Infrastructure professionals all seem to expect that their sustainability colleagues will provide ‘the’ answer to the sustainability issues for each and every project.
In addition, sustainability professionals often act in a way that supports this expectation. This misunderstanding of sustainability is not delivering the innovative solutions we need.
Great and usually unrealistic expectations
It starts at conferences with sustainability professionals giving presentations that show how they can provide all the answers for everything.
“Here’s our wonderful project in which we started with problems X, Y, and Z, and the sustainability team/professional proposed solutions M, N, and O which all worked perfectly.”
Hidden message: sustainability is a great way to solve lots of infrastructure or engineering challenges. This sounds great, doesn’t it?
Unfortunately, no.
The unintended consequence of this message is the expectation that ‘the’ (single, best fit) sustainability solution already exists and that it can easily be found just by asking the project’s sustainability professional or sustainability team.

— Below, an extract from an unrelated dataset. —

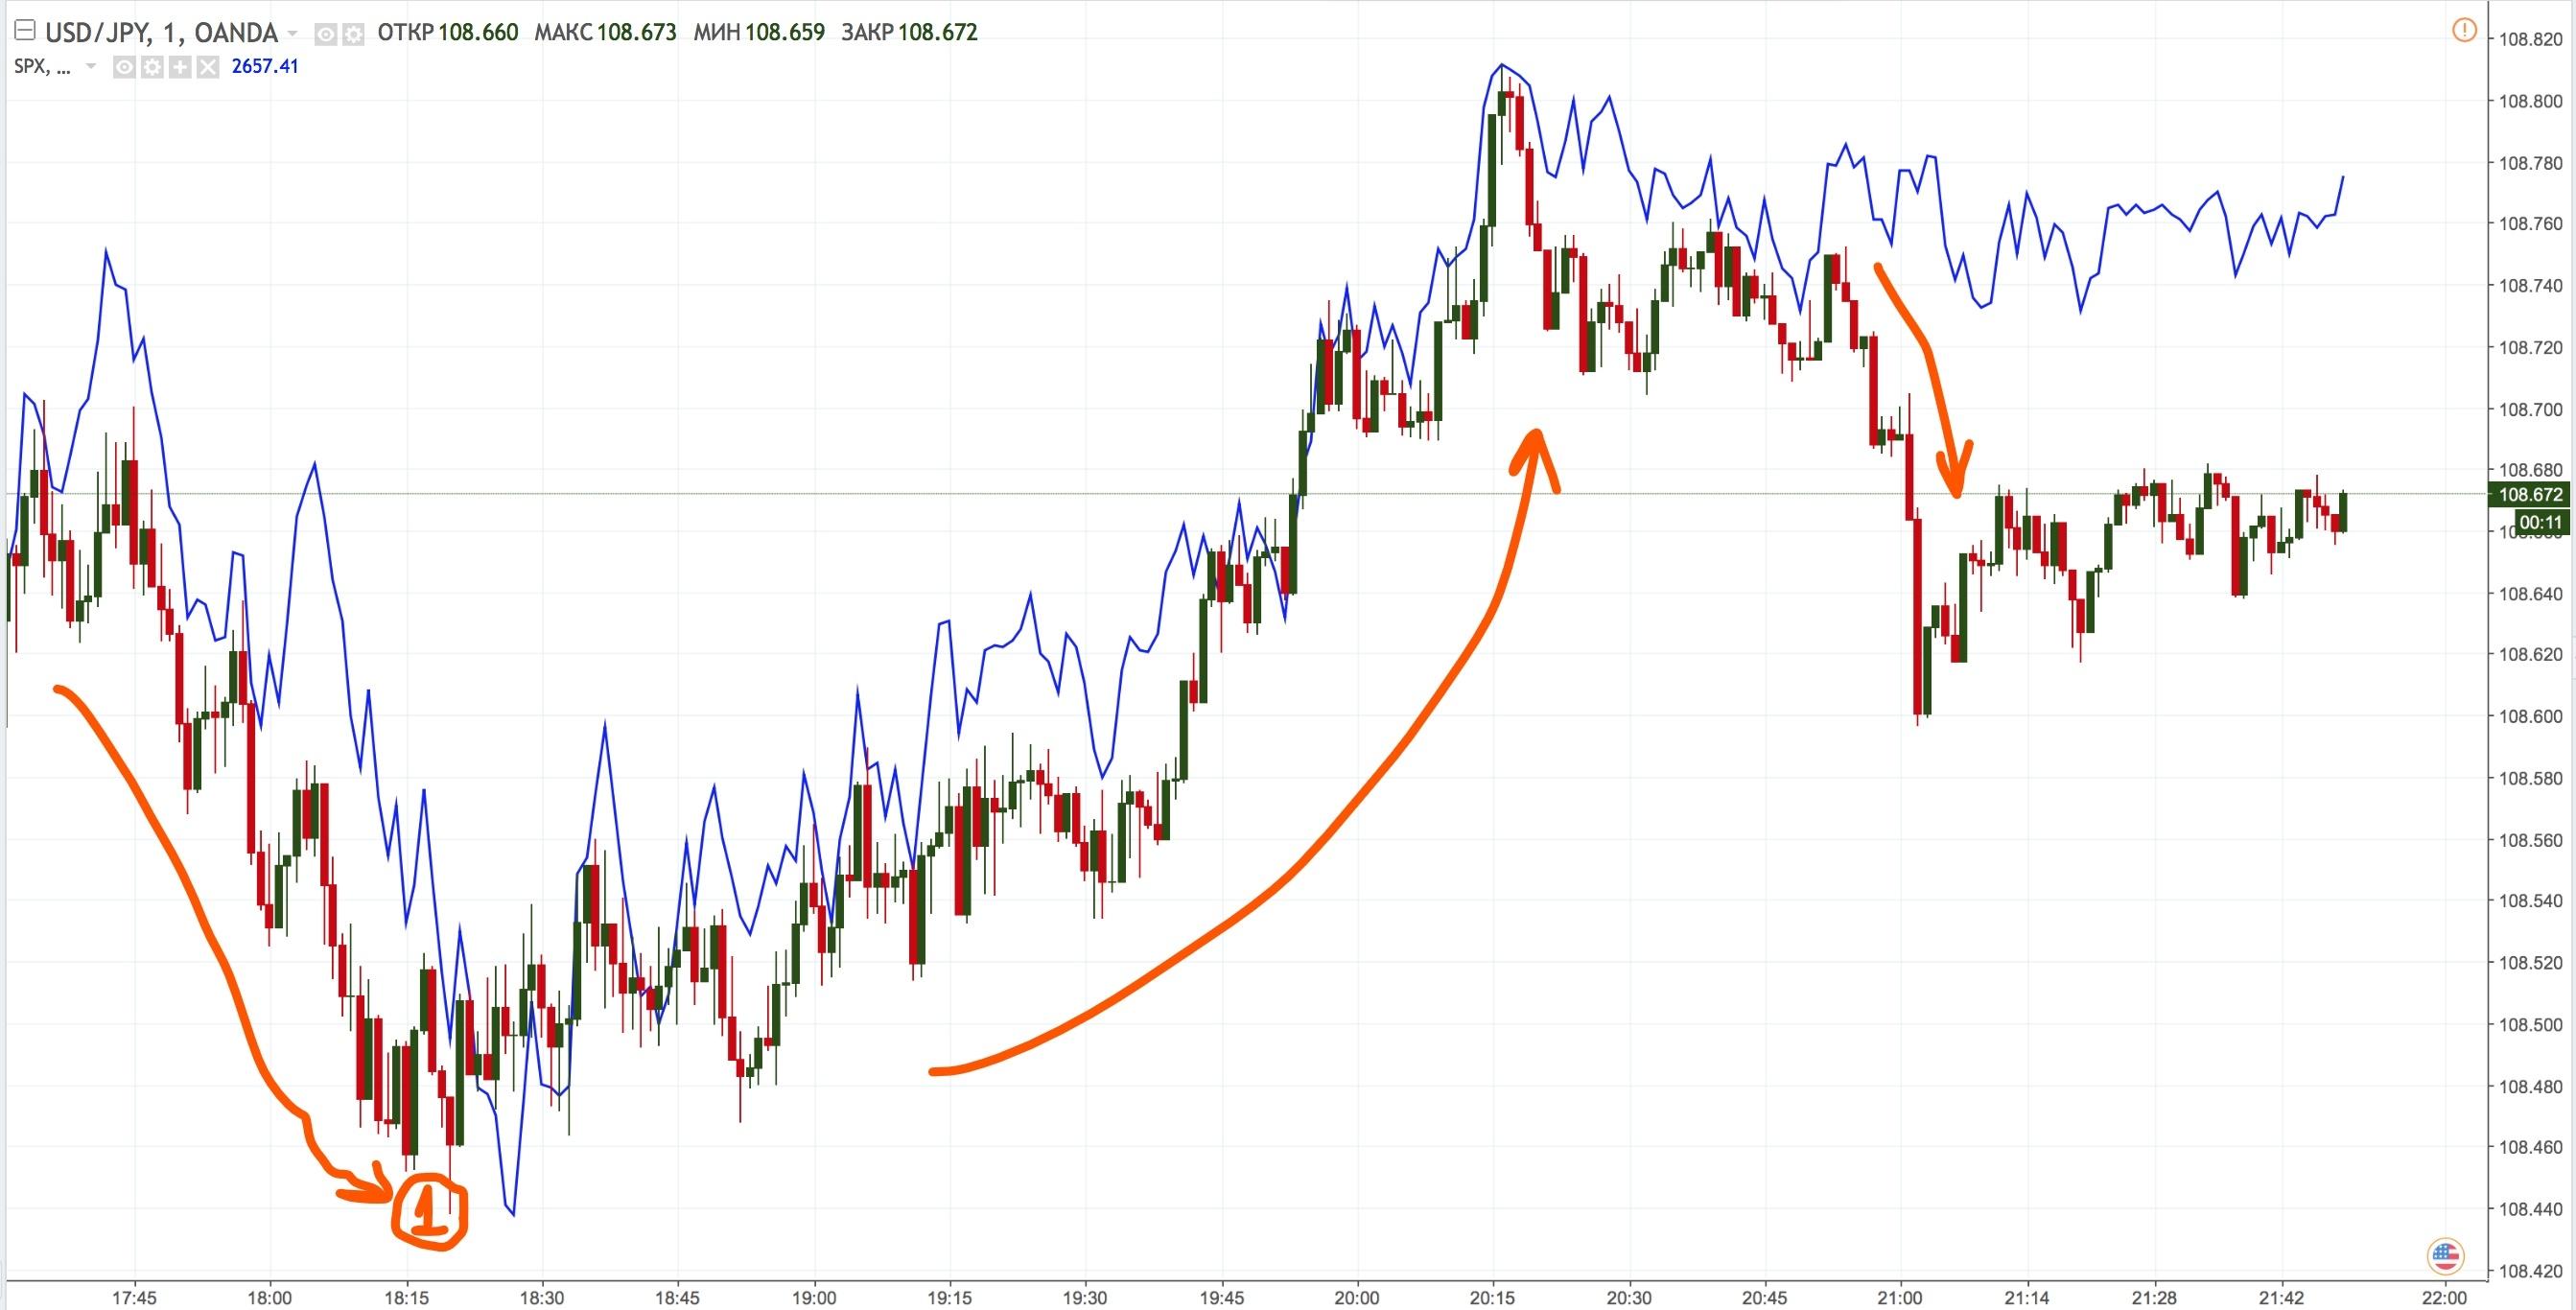 Analysis USDJPY-S&P500-2

Take a recent example of a major infrastructure project costing a few billion pounds at which I was expected to explain ‘the’ sustainability ‘solution’ for the whole project in a single afternoon workshop to the senior team.
How can I possibly sort out the sustainability issues for such a project in a single workshop and to the senior team only?

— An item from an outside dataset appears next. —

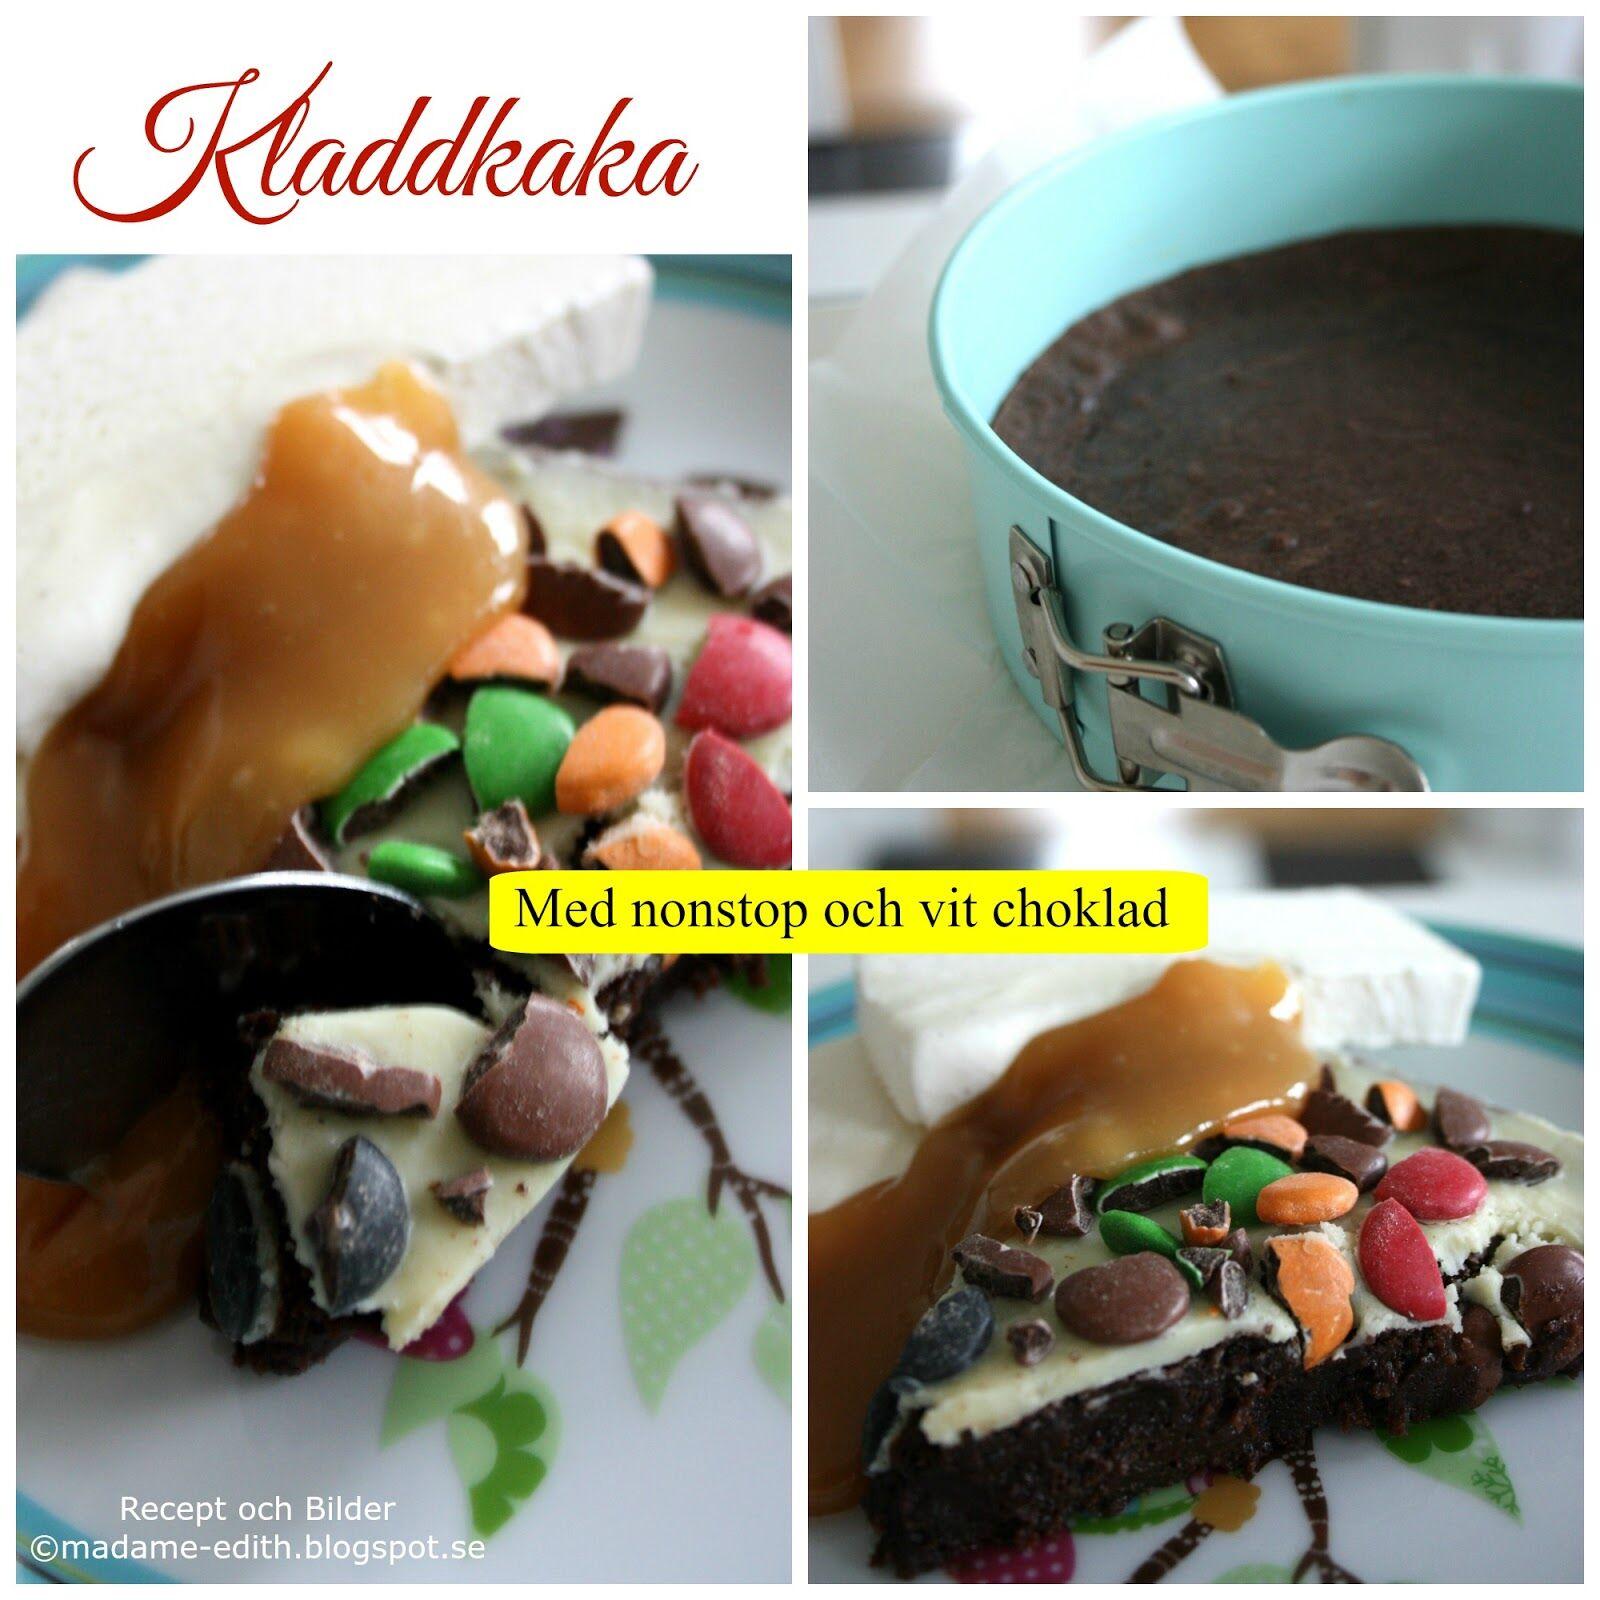 kladdkaka vit choklad (3)

This is a significant misunderstanding of sustainability because sustainability requires an almost bespoke response by an individual or a team.
The approach to sustainability may be the same across different projects but the solutions are not.
If we are to pursue infrastructure excellence then sustainability cannot be delivered in an afternoon workshop.
It requires an ongoing strategic engagement with many different stakeholders and constant dialogue with the teams delivering the project.
Presentations of ‘the’ answer by sustainability professionals have the unfortunate effect of compounding the misunderstanding of the collective response at all levels that is needed.
In addition, this single answer misunderstanding of sustainability prevents it from being a powerful force for innovation as well as social, environmental and economic goods.
To innovate, sustainability must be allowed to function as a critical friend or mirror on projects.
So, what should we expect from sustainability professionals?
On projects myself and my fellow sustainability professionals can provide the right questions and share best practice.
Each professional is not an expert in water engineering, geotechnics, structures, planning, contracting, to name just a few disciplines.
Other professionals know their domain far better than us sustainability professionals.
But by providing the spaces and moments for the experts already working on the project we can facilitate the identification and working through of engineering questions.
This different lens enables all the professionals on the project to develop solutions to the sustainability questions.
If we can live and work with the numerous sustainability questions for each project and give up on expecting others to provide the answer we will be able to start providing the sustainability solutions society requires.